Вот именно тогда он и понял, насколько ему повезло.
Это был его первый ночной полет на боевое применение. Они летели по маршруту. К рассвету пришла усталость. Тяжесть в затылке. Низкий гул турбин вошел в плоть, дрожащими тоннами лежал на плечах; ноюще болел позвоночник, не хотелось говорить, работать, не хотелось ни есть, ни пить, ни даже спать. Неподвижная многочасовая вязкая тьма утомила мозг, глаза уже отказывались видеть.
А потом они выплыли из долгой тяжкой ночи в рассвет.
Вставало Солнце. Восточный край моря — выпуклой серо-зеленой, тускло полированной равнины — светился изнутри бело-синим легким светом, источая нежно-розовое сияние, струящееся из-за синей полосы горизонта; это сияние поднималось к розовым же облакам и, упираясь в них, распадалось голубовато-розовыми столбами, в которых струились перламутровые, переливающиеся текучими цветами потоки.
Воздух был чист и прозрачен искристо, хрустально и казался застывшей сверхтвердой, сверхпрочной и при этом хрупкой массой, монолитной и стеклянной, в которую вплавился и навечно застыл их маленький самолетик.
Ровный слитный гул двигателей не воспринимается как шум — он естествен и необходим, он — часть этого необъятного храма, непреходящий компонент жизни. Напротив, кругом царит абсолютное безмолвие, безжизненность, пустота, звенящая гулкая, оглушительный простор.
А он, находясь под прозрачным блистером-куполом, видел сверху все — и был оглушен, ошеломлен. Глаза его, широко раскрытые, видели гигантское, огненно вздымающееся Солнце; текучее пылающе-ледяное космическое пламя вставало над миром, лежащим в холодном затаенном ожидании, — непостижимо величественное рождение Звезды. И он видел такие крохотные в крохотных крыльях — и такие гордые, свирепо и неустрашимо ревущие турбины их самолета, который не боялся, не трепетал перед самим Мирозданием! Напротив, несущий их самолет, творение теплых рук, рвался вперед и вперед, вонзался в пространство, скручивал его в сумасшедший вихрь, сжимая его в пенящийся, бесшумно отлетающий назад белоснежный, неземно чистейший шлейф инверсии сконцентрированного пространства, только что летящего — и мгновенно застывающего, — и увенчивал собой стрелу, рассекающую извечный покой под куполом величавого храма...
Он жадно впитывал в себя этот мир, поглощал
А потом, когда он, очнувшись, услышал хрипловатый усталый голос штурмана, диктующего курс домой, голоса пилотов в наушниках и его онемевшие пальцы легли на верньеры — вот тогда-то он понял, что ему повезло второй раз в жизни. Что судьба милостива к нему, потому что сначала она вложила в него Дар, а теперь этот Дар пробудила. И он был благодарен миру, в котором ему посчастливилось родиться...

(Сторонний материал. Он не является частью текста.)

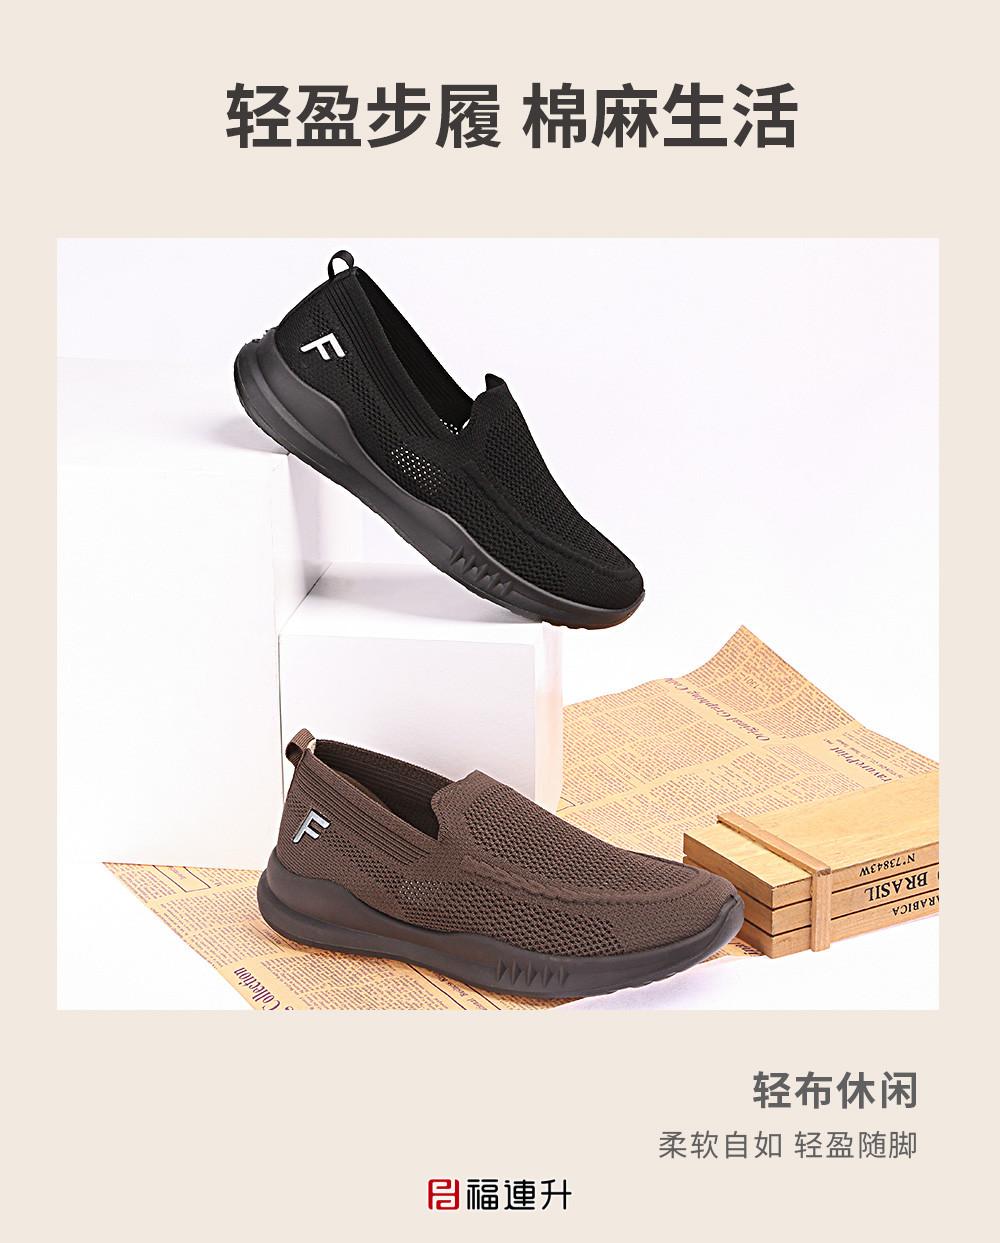 福连升老北京布鞋 夏轻便软底运动休闲网面透气男鞋图片

Он сидел и слушал, пытаясь понять осторожный шепот балтийского леса, и сквозь сине-голубые просветы меж сосен видел тихое, в дреме, древнее море и следил, боясь шевельнуться, как медленно засыпает тяжело-золотой песок под волнистым покрывалом выброшенных вчерашним прибоем фиолетово-густых водорослей; а в сырых и темных даже днем черно-зеленых папоротниковых зарослях бесшумно и колдовски плывут, мягко сталкиваясь, вкрадчиво свиваясь, волокна и ленты кисейного тумана.
Он был уверенно-спокоен — он знал, что рано или поздно, через час или неделю, после десяти, двадцати, ста попыток рука сделает именно то самое, единственно верное движение, потом будет второе и третье — и эти ленты возникнут вновь — уже застыв на холсте, уже послушные...

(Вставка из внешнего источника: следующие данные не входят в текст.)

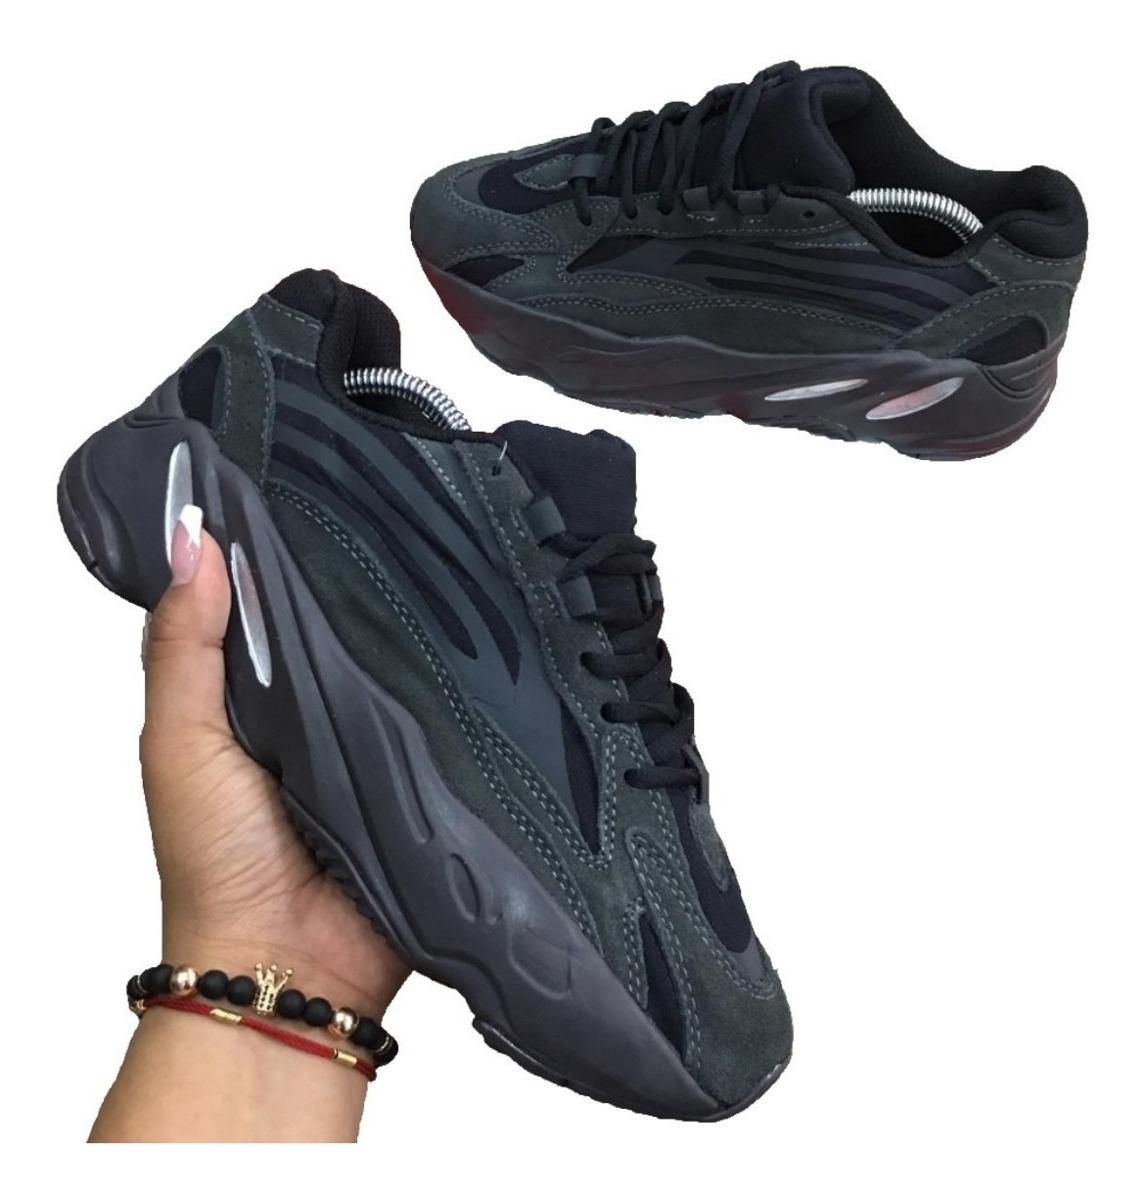 Tenis Zapatillas adidas Yeezy 700 Hombre

Он посмотрел на часы и неспешно поднялся, медленно стряхивая с комбинезона песок и сухие иглы. Пора.
Пора идти на стоянку — тут рядом, пять минут. И снова он будет веселым Женькой, которого любит экипаж за неунывающий характер, острый язык, талант рисовальщика (чем он, экипаж, гордится) и бесстрашный, надежный профессионализм в работе ВСР — воздушного стрелка-радиста. Честно говоря, Женька и сам удивляется, как в нем уживаются столь противоположные качества: ведь художнику спокон веку полагается быть сумрачно-глубокомысленным, с эдакой отрешенностью во взоре и заумью в голове. Но что ж поделать, он, Женька, таков, каким его знают, и другим он быть не желает!
А день заканчивался. Последний день лета.
Лето уходит, как уходит год. Неправда, что новый год наступает 1 января. Мы говорим в начале осени: «Ну, вот лето и прошло. Еще одно лето...» — а подразумеваем — год.
Разве нет?
В далеком аэропорту вновь отложили вылет рейса — до утра, и многие пассажиры, ворча и клянясь, что это их быстрое и выгодное путешествие — в последний раз, шли к последнему автобусу в город, кроме приезжих, и с ними, приезжими, оставалась и Татьяна с Евой — ждать рассвета и нового года, потому что прежняя жизнь оставалась в ушедшем лете и возвратиться в прошедшее нельзя. Даже если есть куда — нельзя возвращаться в прошедшую жизнь.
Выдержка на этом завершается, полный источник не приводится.